[[ Data for review open ]]

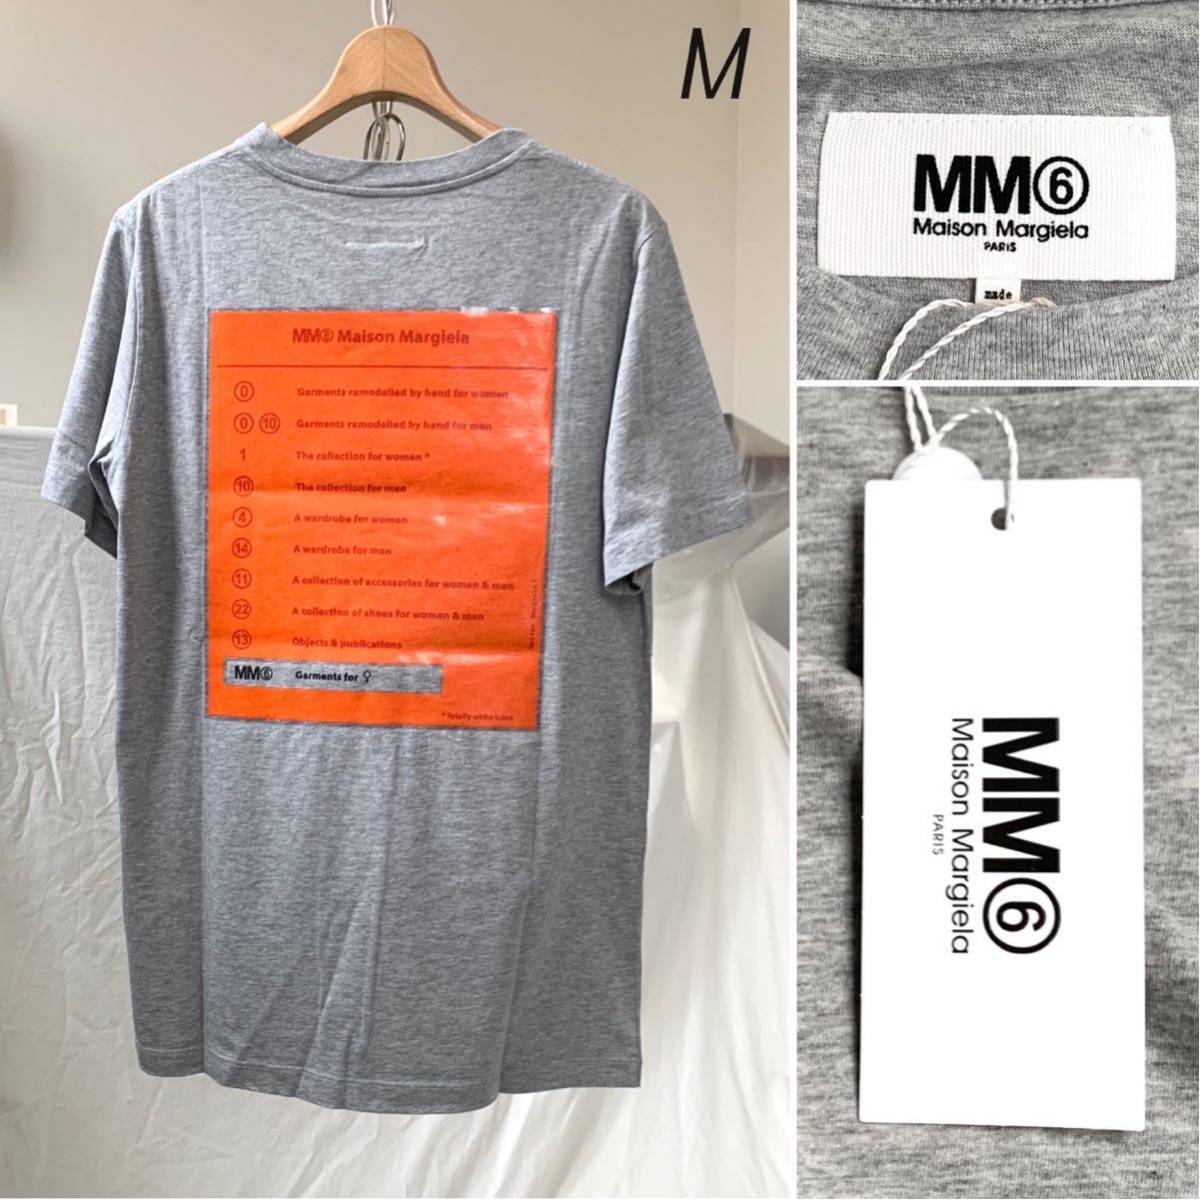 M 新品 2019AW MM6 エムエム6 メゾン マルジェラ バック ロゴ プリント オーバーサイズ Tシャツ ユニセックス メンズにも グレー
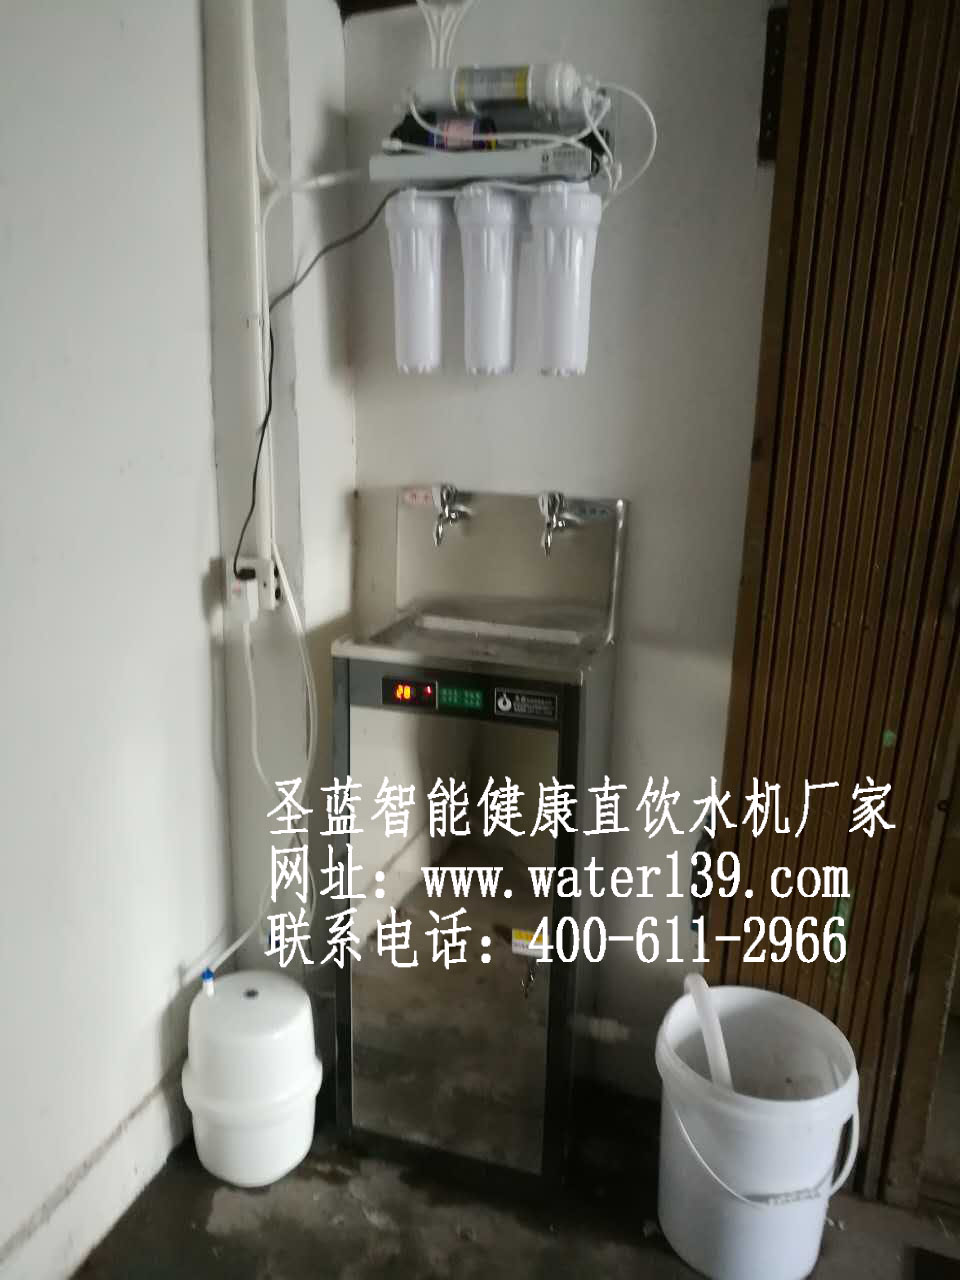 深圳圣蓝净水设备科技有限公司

[[ Data for review closed ]]
[[ Data for review open ]]

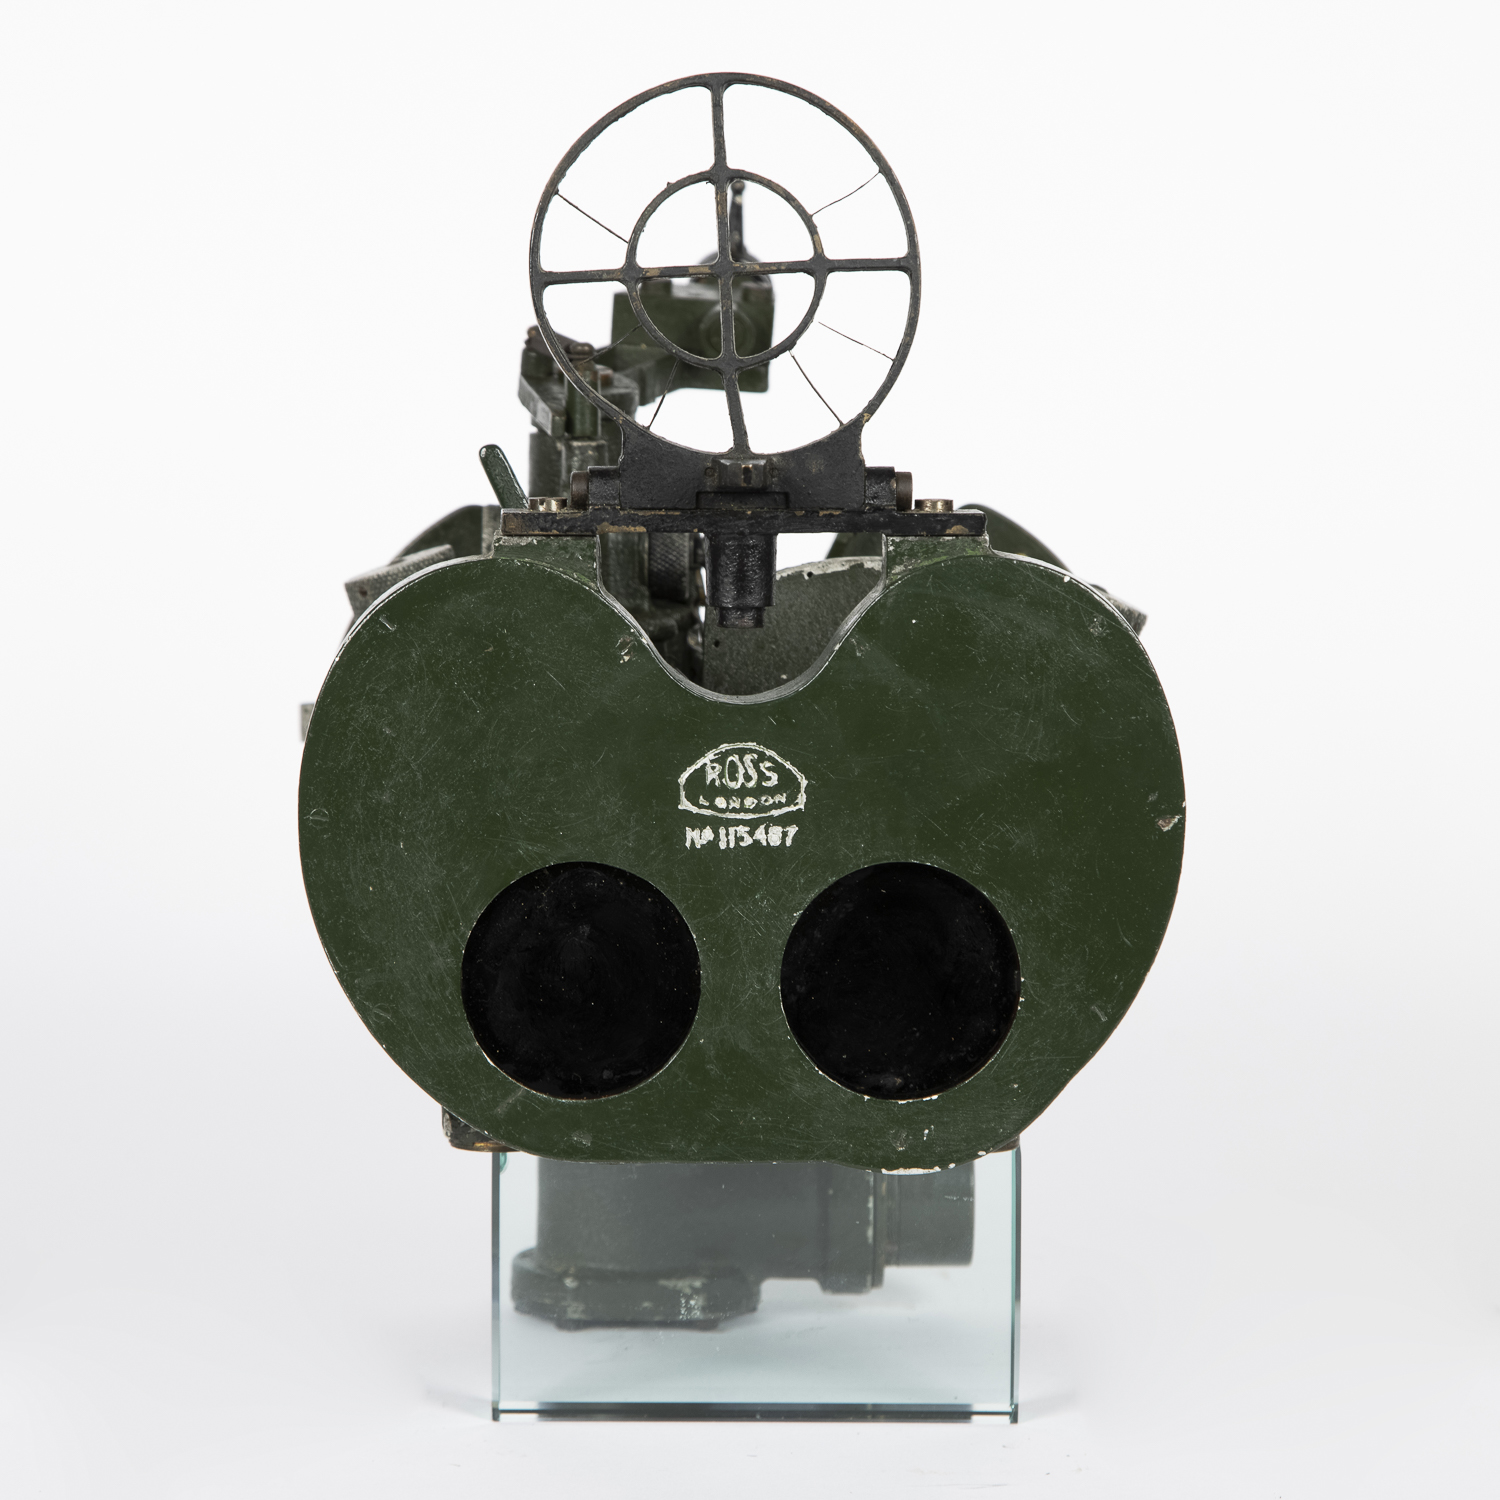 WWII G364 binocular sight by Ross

[[ Data for review closed ]]

Task to complete. The answer must be the part of the records that opens with the line containing "M 新品 2019AW" and closes with the line containing "深圳圣蓝净水设备科技有限公司", reproduced exactly, with no pictures.

Output for this exercise.
 M 新品 2019AW MM6 エムエム6 メゾン マルジェラ バック ロゴ プリント オーバーサイズ Tシャツ ユニセックス メンズにも グレー
 深圳圣蓝净水设备科技有限公司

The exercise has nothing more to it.